Now Is The Time To Buy Cheap, Not To Buy Everything

In 2019, the bull market thinking of fixed income investors argued for a more disciplined approach to risk and return. The markets today are facing very different circumstances, but are suffering from the same lack of risk management. This is in part due to a broad-based misinterpretation that the Federal Reserve will bail out corporate credit[1], and in part due to the explosion of day trading by risk-seeking individuals with nothing better to do in quarantine.[2] Furthermore, we still have a global pandemic on our hands, with a virus that appears difficult to understand and that no one seems to be able to agree how to address. And much has been made of the science therein and what we do and don’t know about COVID-19. But with this uncertain backdrop, two things are clear to us: If you listen to the science, you wouldn’t buy the market now…and you wouldn’t sell it either.

Our point here is not to litigate the correctness of one set of policies or another. The reality is that reasonable people can disagree, and contradictory conclusions can often be drawn from the same set of facts. In the financial markets, we can see that the one underlying theme here is a decided lack of risk management experience. After all, if an investor ever set out to avoid all risks, she could never expect to generate anything more than a risk-free rate of return except for by good or bad luck as a result of failing to identify a hidden risk in her portfolio. Meanwhile, if that same investor chose to take a risk because it could not be proven that it would definitely turn out badly, then every risk would seem worth taking.
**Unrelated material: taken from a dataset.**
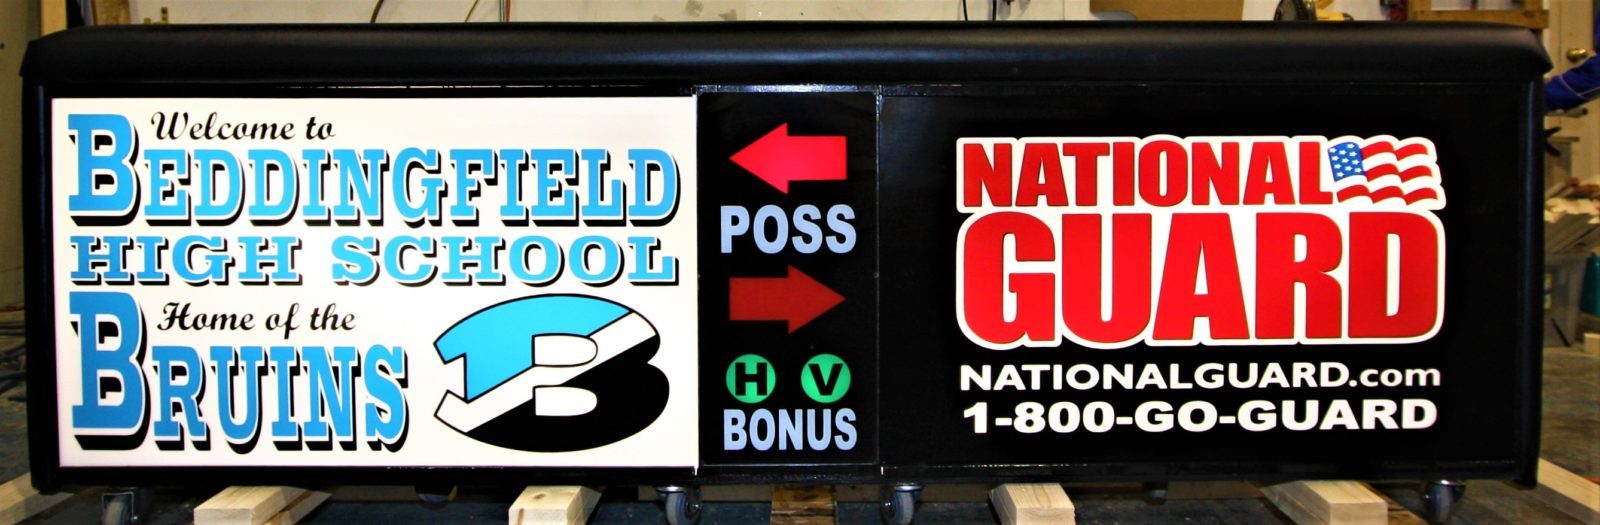 Beddingfield high school scoring table North Carolina Army National Guard NCARNG

As we have said many times before, just because a risk doesn’t manifest itself doesn’t mean it doesn’t exist. Neither of these approaches would result in a reasonable balance of risk and reward in an investment portfolio.
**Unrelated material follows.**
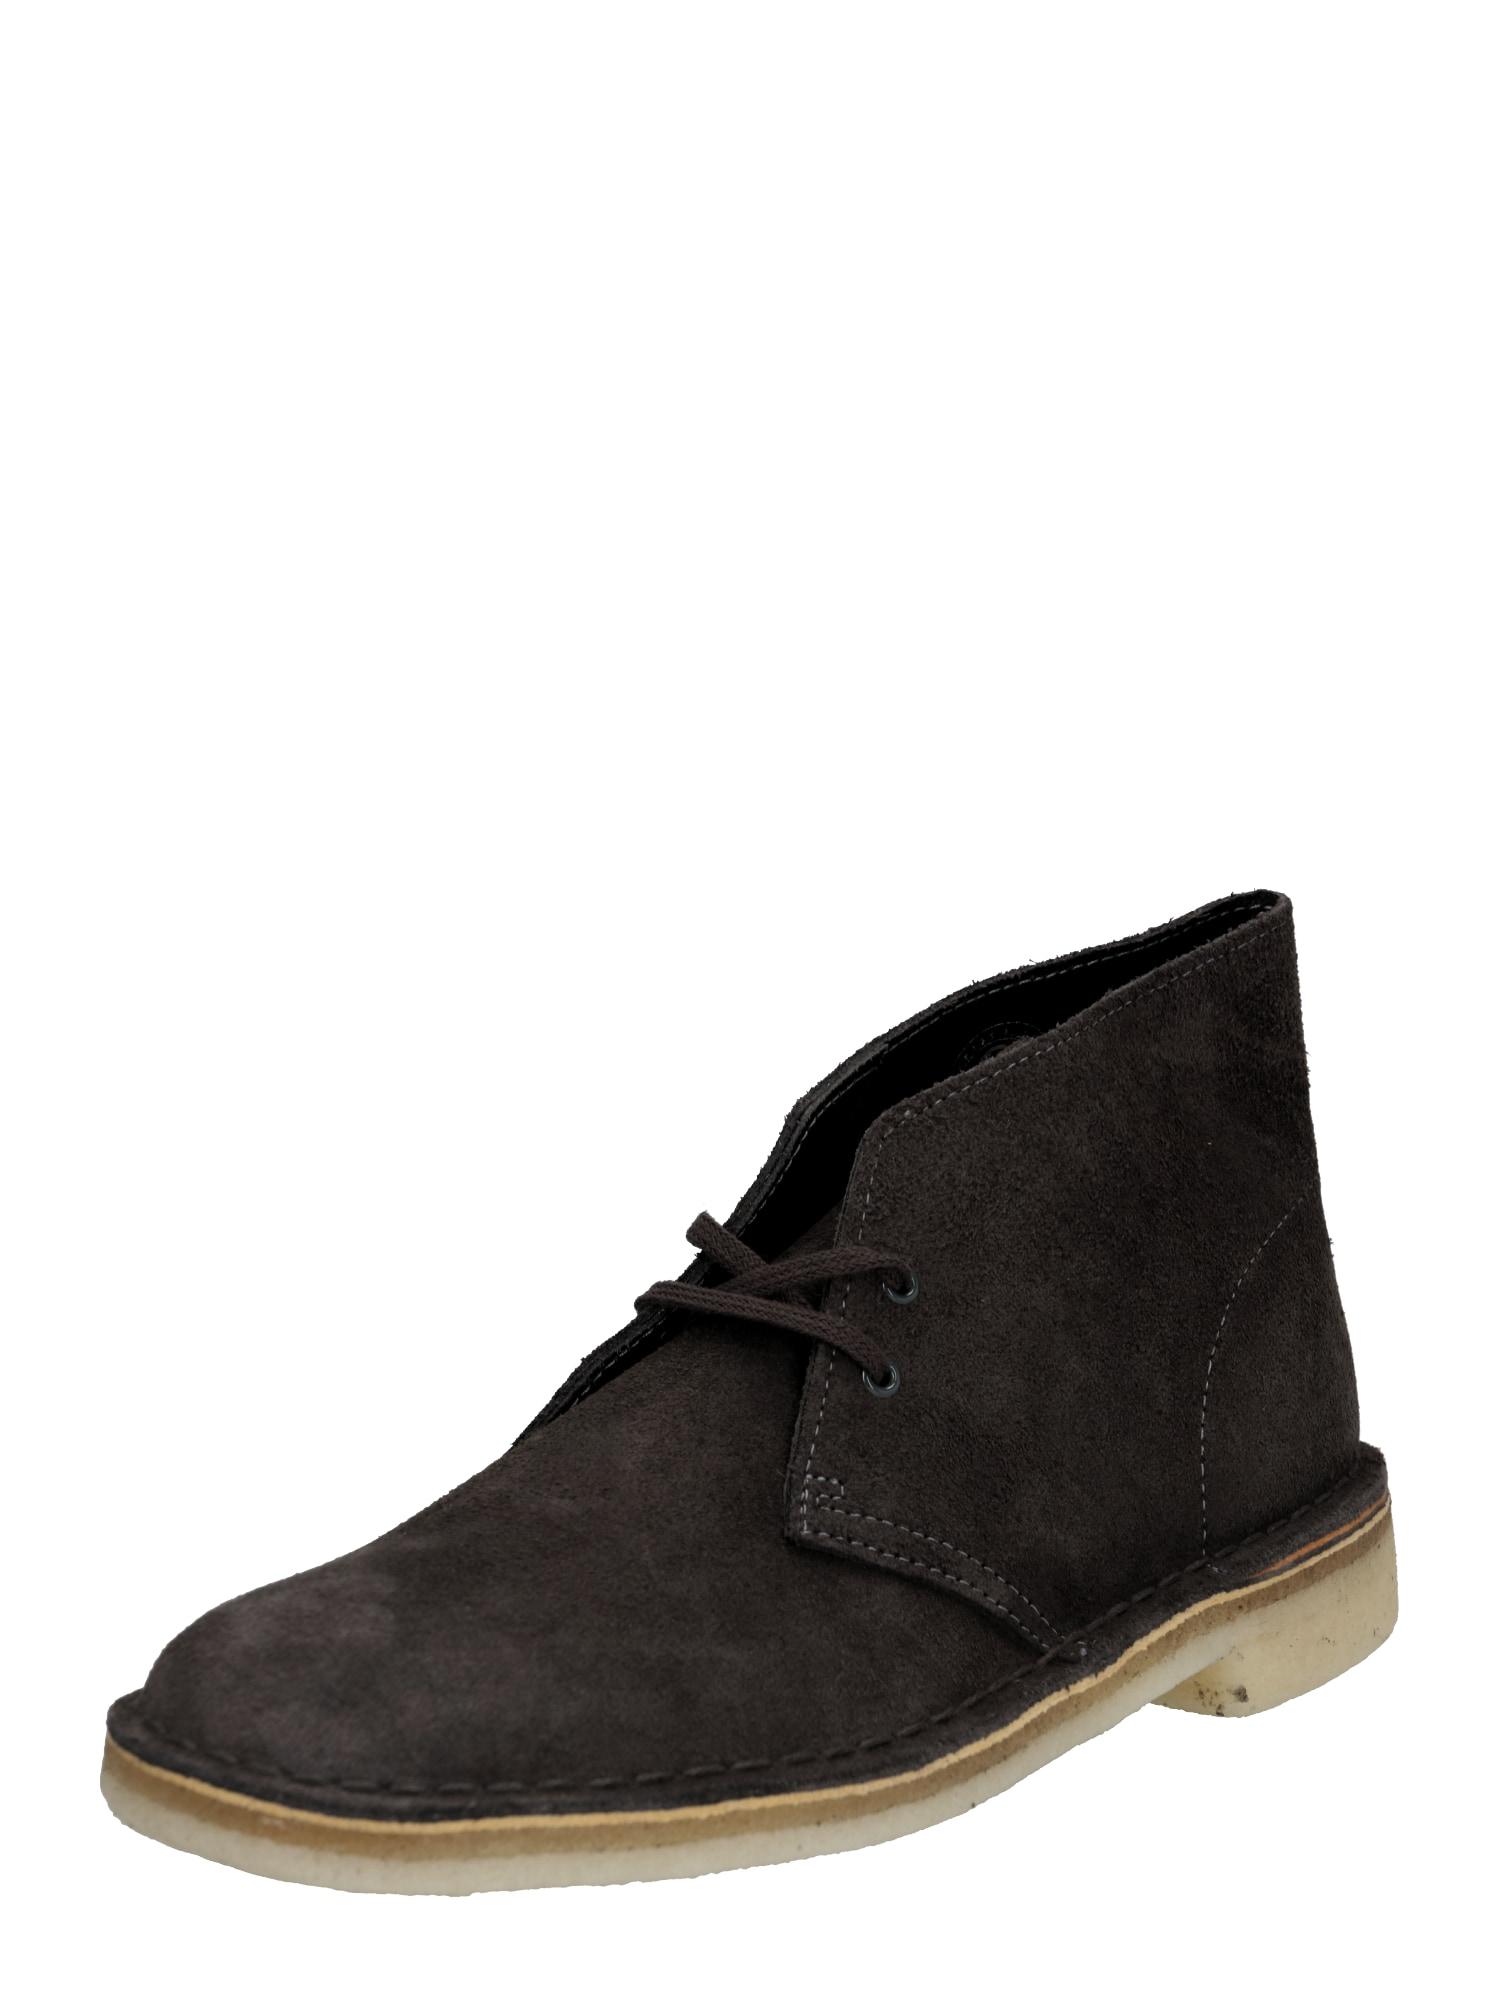 Šněrovací boty DESERT BOOT tmavě šedá Clarks Originals

The hard truth is that investing is inherently uncertain, and the most successful investors over the long-term are those who take calculated risks. In an era where portfolios are evaluated based on short-term performance, identifying such investors becomes a more difficult task than it should be. But, just as with good public policy, a good investment strategy is one that weighs many oft-contradictory factors and aims not to minimize risk or maximize return but to optimize risk/reward. This is not a portfolio that should be expected to always “outperform” broad-market benchmarks, nor is it a portfolio that should be expected to avoid having any risk manifest itself. But by aiming to take those risks that may come with asymmetrically positive returns and to avoid returns that may come with asymmetrically negative risks, one may be able to construct a portfolio that is better positioned to capitalize on uncertainty.